2.2 PAT image reconstruction

The PAT image reconstruction aims to determine the initial pressure rise from a series of collected acoustic signals. The precise reconstruction formulas for planar, cylindrical and spherical detection surfaces are rigorously deduced in [40]. However, these expressions are difficult to execute since they include many integrations or series summations. Therefore, a simplified temporal domain reconstruction algorithm, the so-called universal BP algorithm, has been derived in [35]. The initial pressure increment $p_0(\textbf {r}_Q)$ can be obtained using this algorithm as [12,35].

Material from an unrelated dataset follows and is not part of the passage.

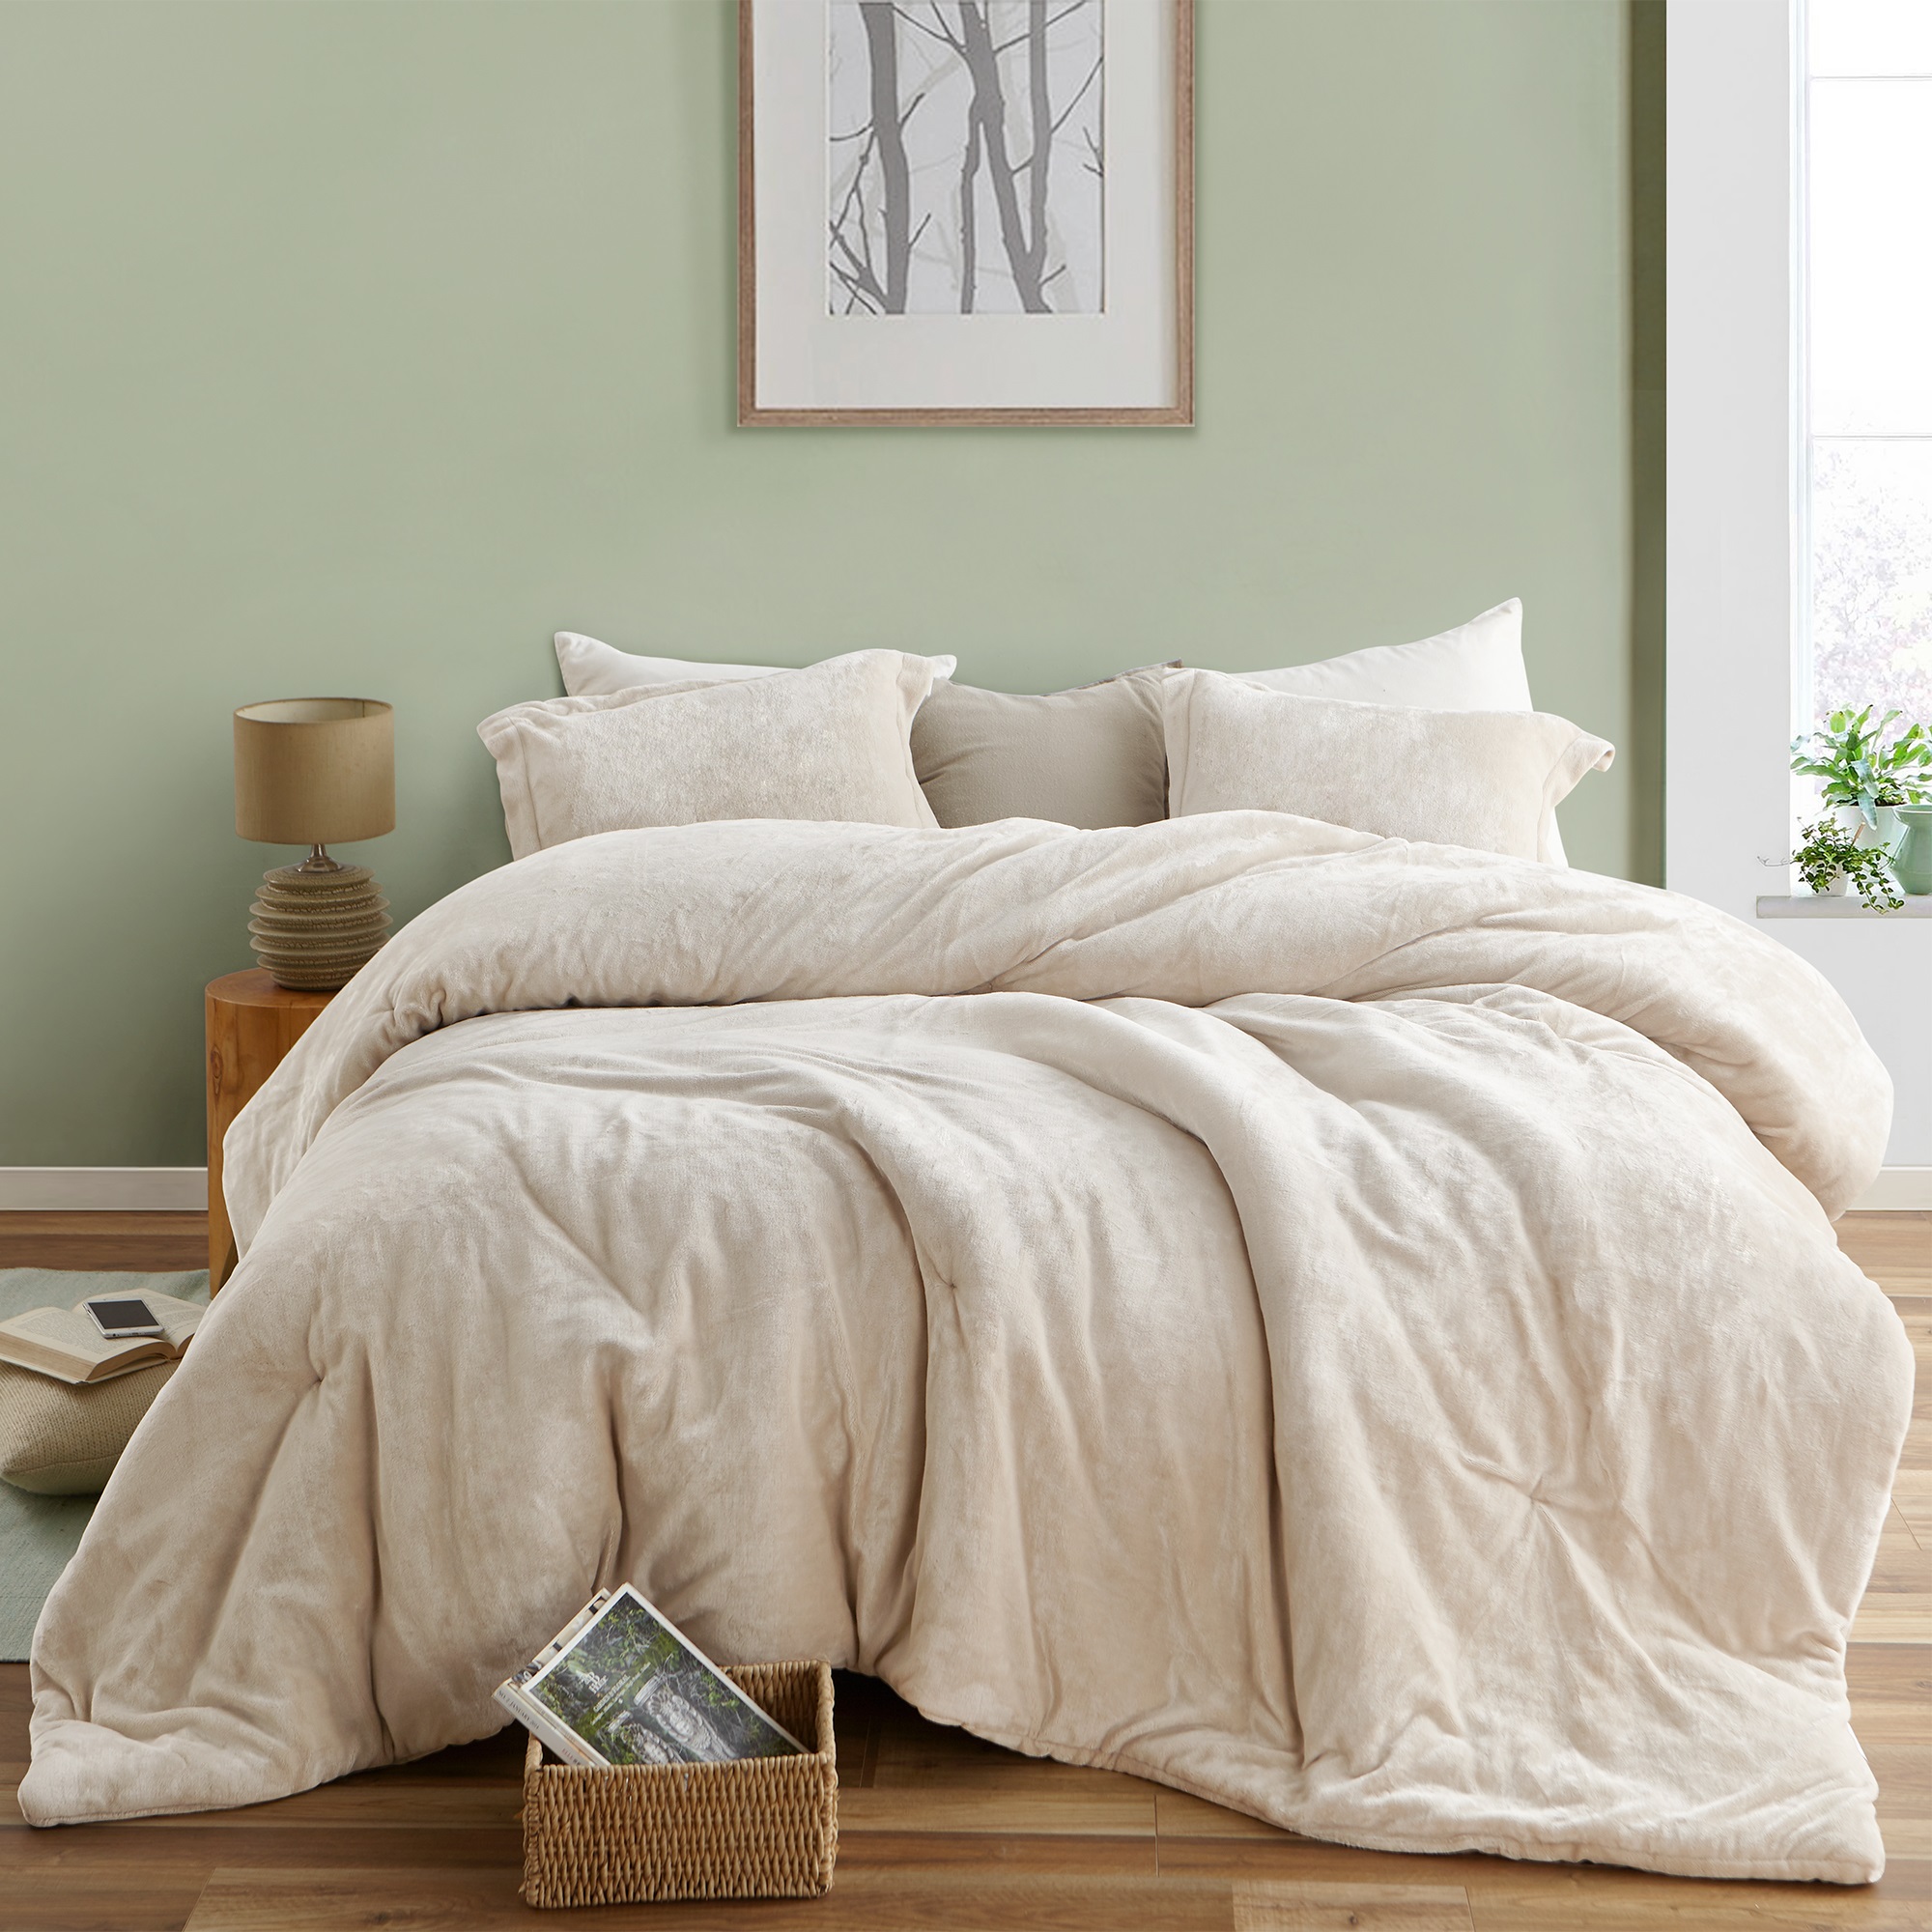 Coma Inducer Oversized Comforter - The Original Plush - Almond Milk

(2)$$p_0(\textbf{r}_Q)=\frac{1}{\Omega^{'}}\int_{\Omega^{'}} b(\textbf{r}_{SR},t) d{\Omega^{'}} \Big|_{t=\frac{|\textbf{r}_{SR} - \textbf{r}_Q|}{v}}$$

where, $\Omega ^{'}$ is the total solid angle subtended by the whole measurement surface $S^{'}$ (for planer surface $\Omega ^{'}$ = 2$\pi$ and for cylindrical, spherical surfaces $\Omega ^{'}$ = 4$\pi$). Here, $b(\textbf {r}_{SR},t)$ is related to the detector position $\textbf {r}_{SR}$ and it is known as the BP term. It is expressed as [12,35],

(3)$$b(\textbf{r}_{SR},t)=2 p(\textbf{r}_{SR},t) - 2 t\frac{\partial p(\textbf{r}_{SR},t)}{\partial t}.$$

A schematic is included in Fig. S2(b) to illustrate the symbols. The notation d$\Omega ^{'}$ represents the solid angle subtended by the detection element d$S^{'}$ at a reconstruction point $\textbf {r}_Q$ and is defined as [12],

(4)$$d\Omega^{'} = \frac{dS^{'}}{|\textbf{r}_{SR}-\textbf{r}_Q|^2}\Bigg[\textbf{n}_{0}^{S'} \cdot \frac{(\textbf{r}_{SR}-\textbf{r}_Q)}{|\textbf{r}_{SR}-\textbf{r}_Q|}\Bigg]$$

whereas $\textbf {n}_{0}^{S'}$ is the normal to the surface $S^{'}$.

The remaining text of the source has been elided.